> YOUR INSTRUCTIONS
Copy out the data that comes next, character for character, and leave the images aside.

> COLLECTED DATA
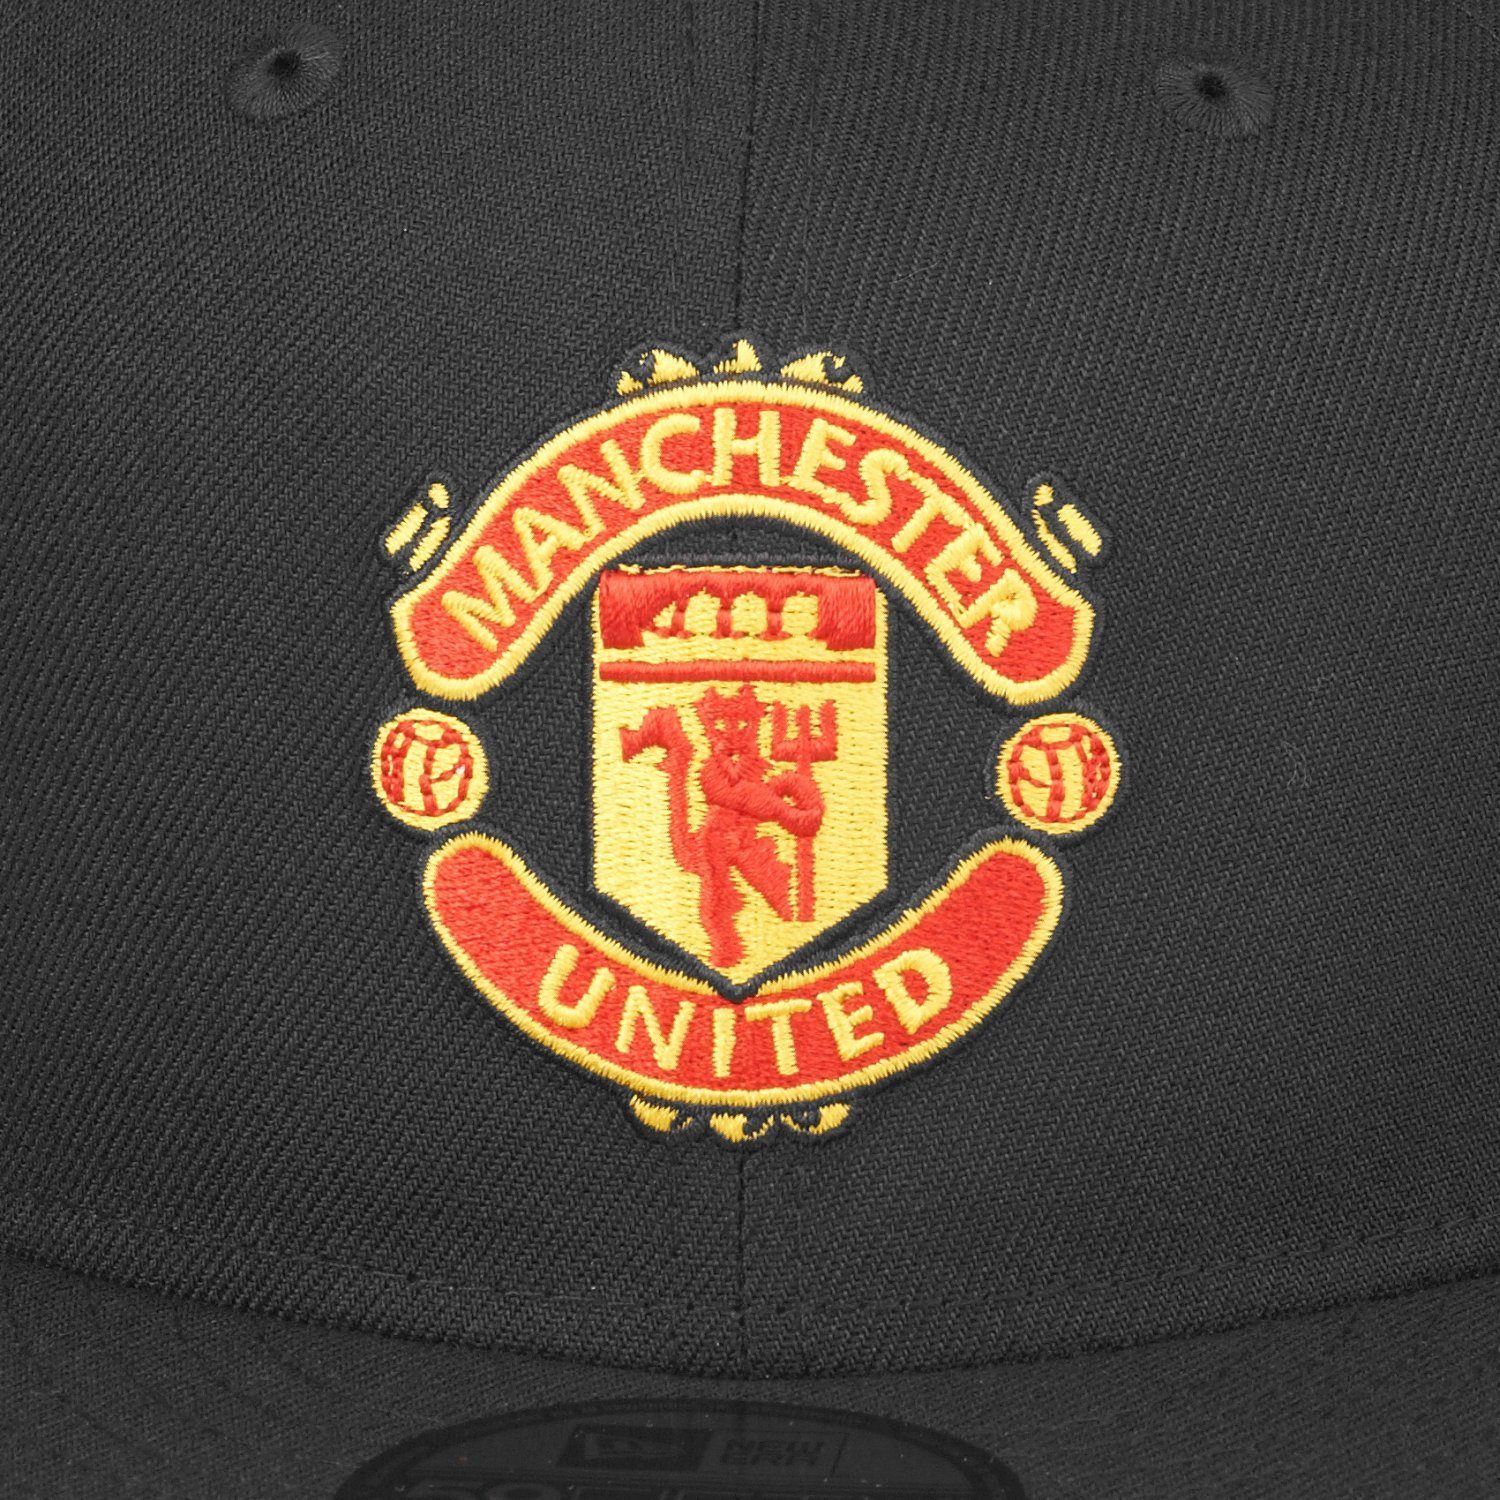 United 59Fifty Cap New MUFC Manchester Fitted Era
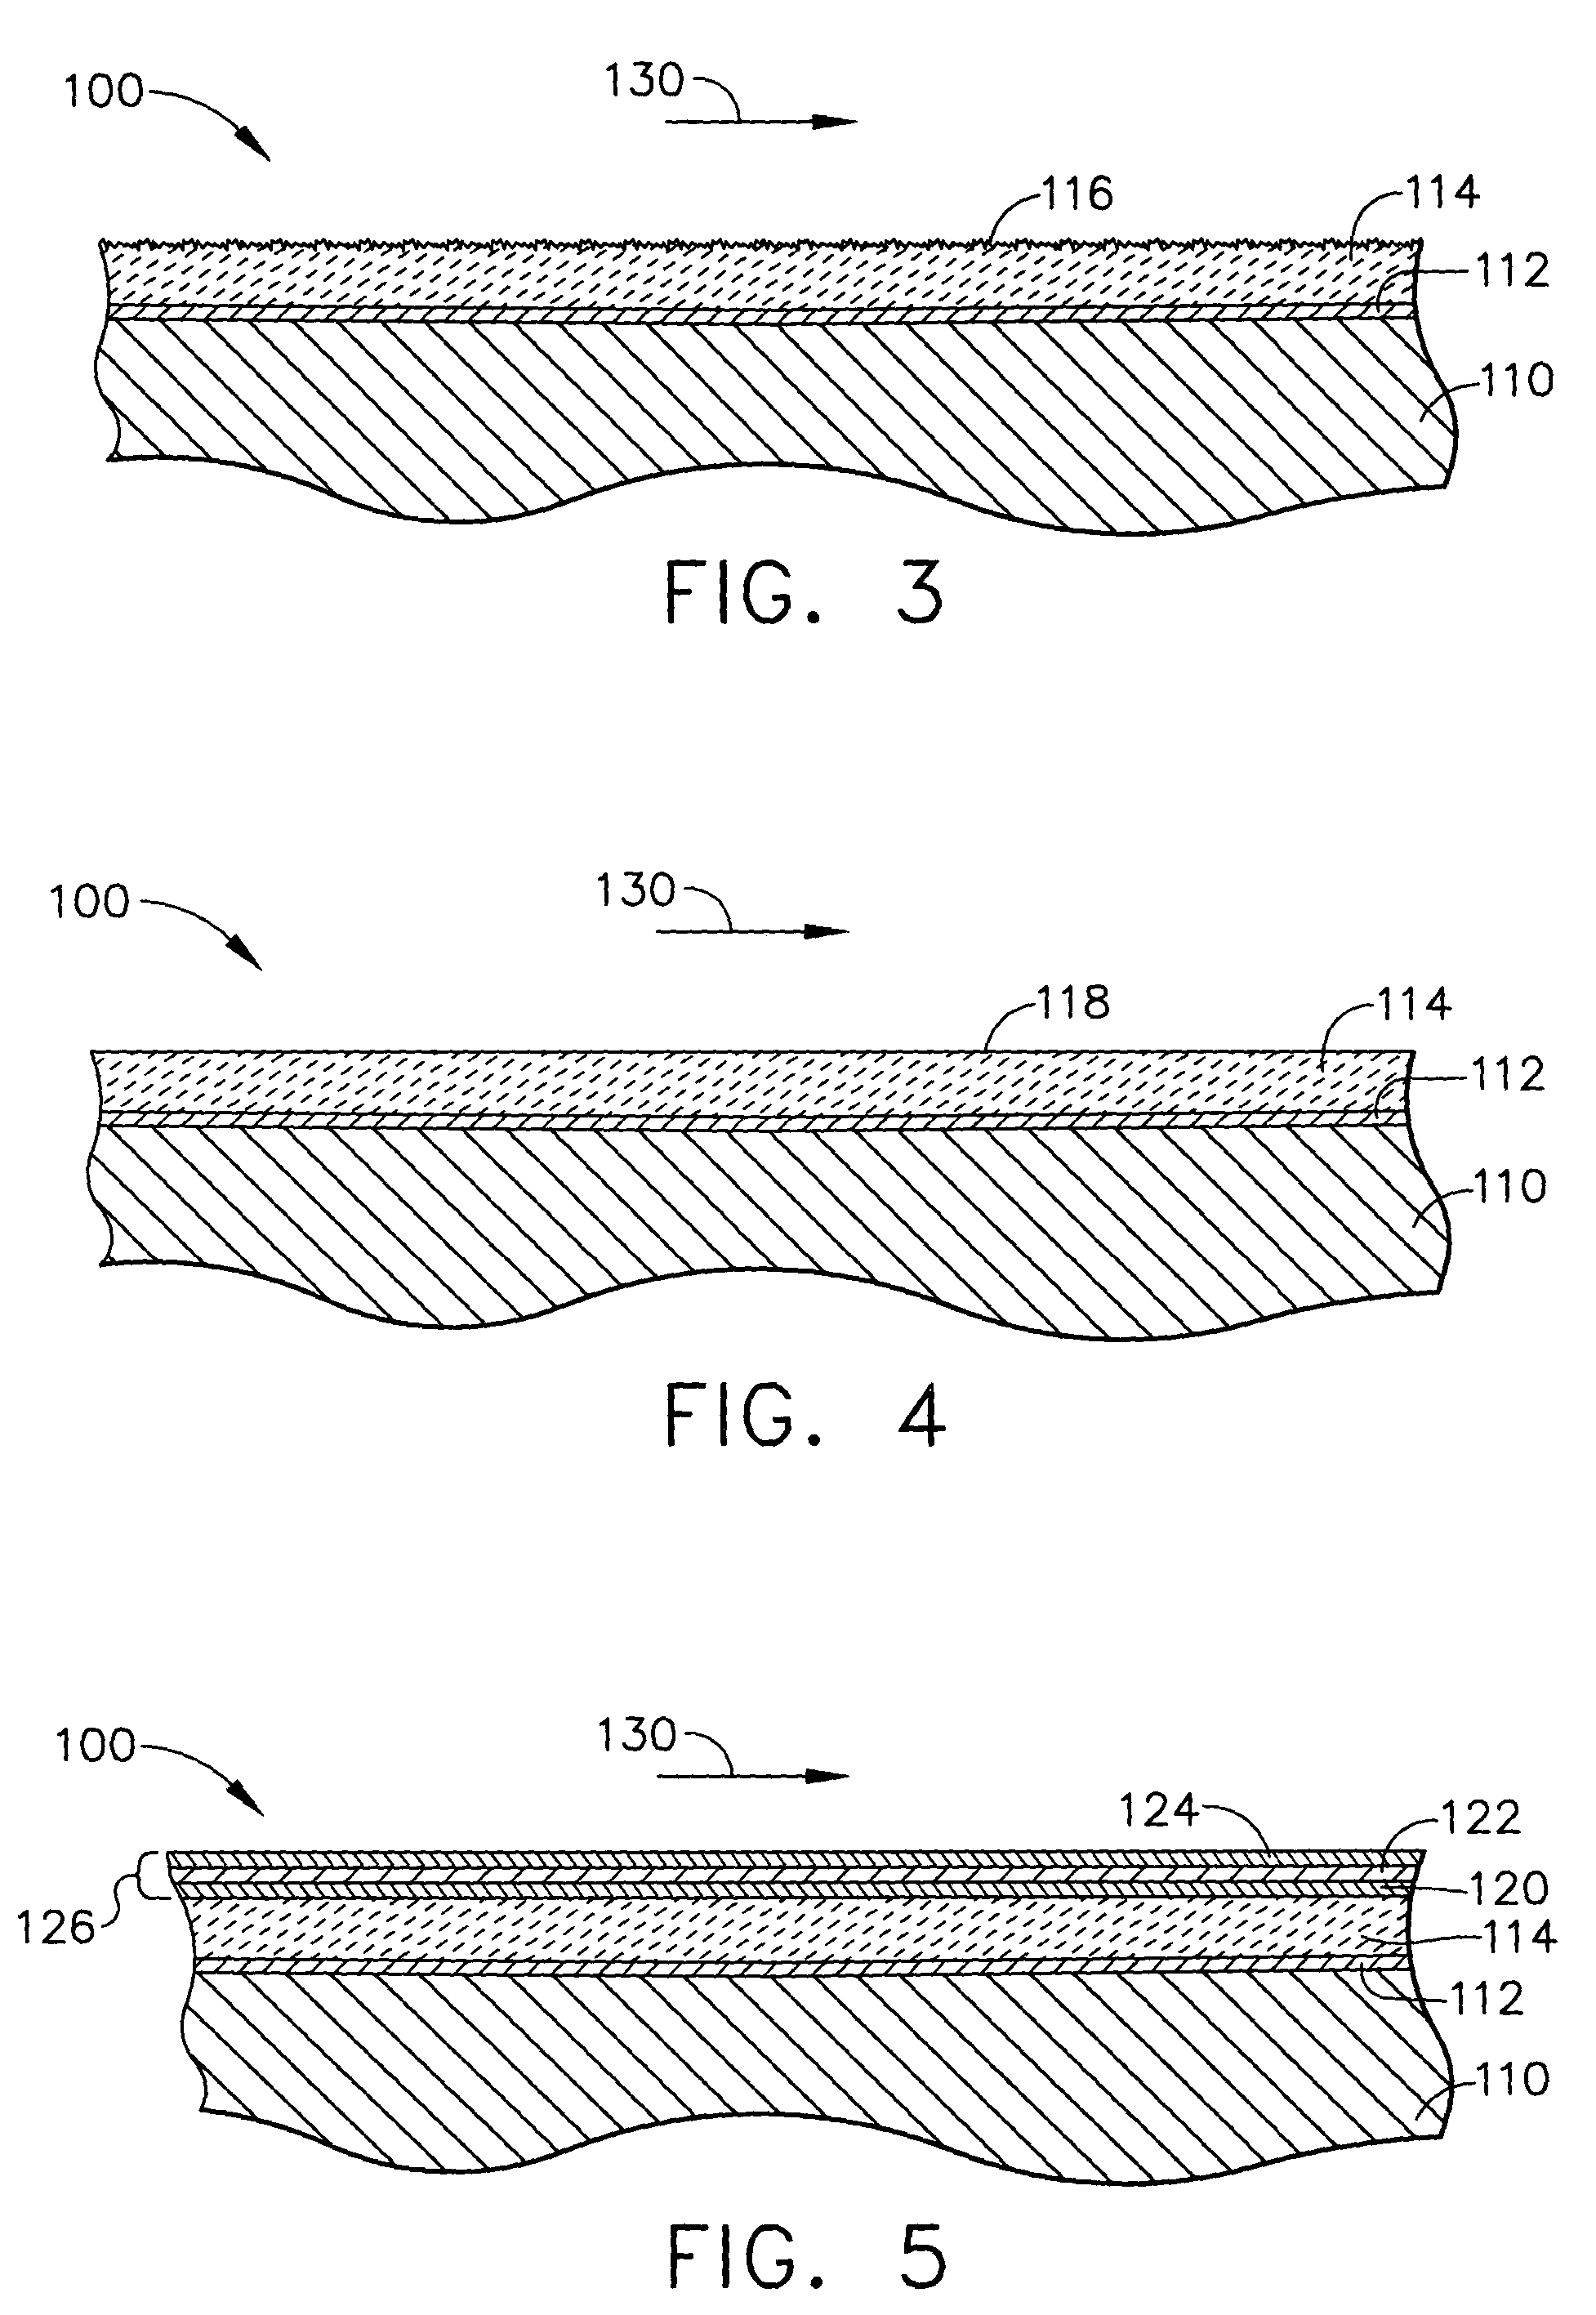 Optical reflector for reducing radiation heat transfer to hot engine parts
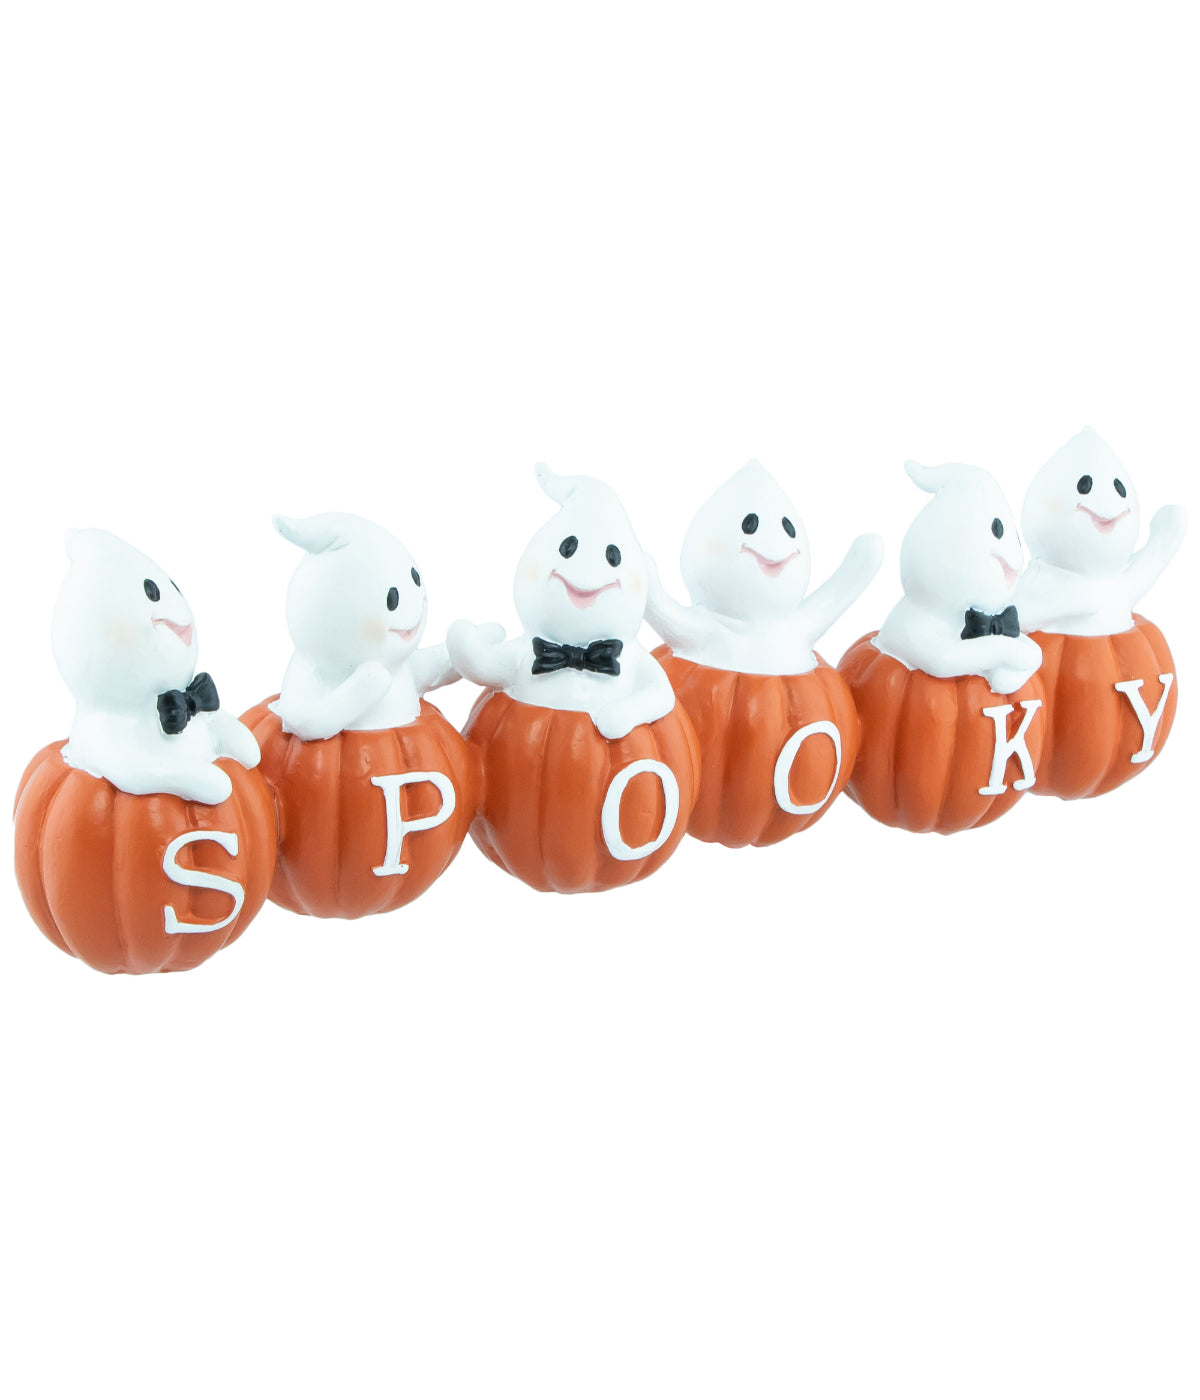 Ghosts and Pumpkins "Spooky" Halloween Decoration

> YOUR RESPONSE
 United 59Fifty Cap New MUFC Manchester Fitted Era
 Optical reflector for reducing radiation heat transfer to hot engine parts
 Ghosts and Pumpkins "Spooky" Halloween Decoration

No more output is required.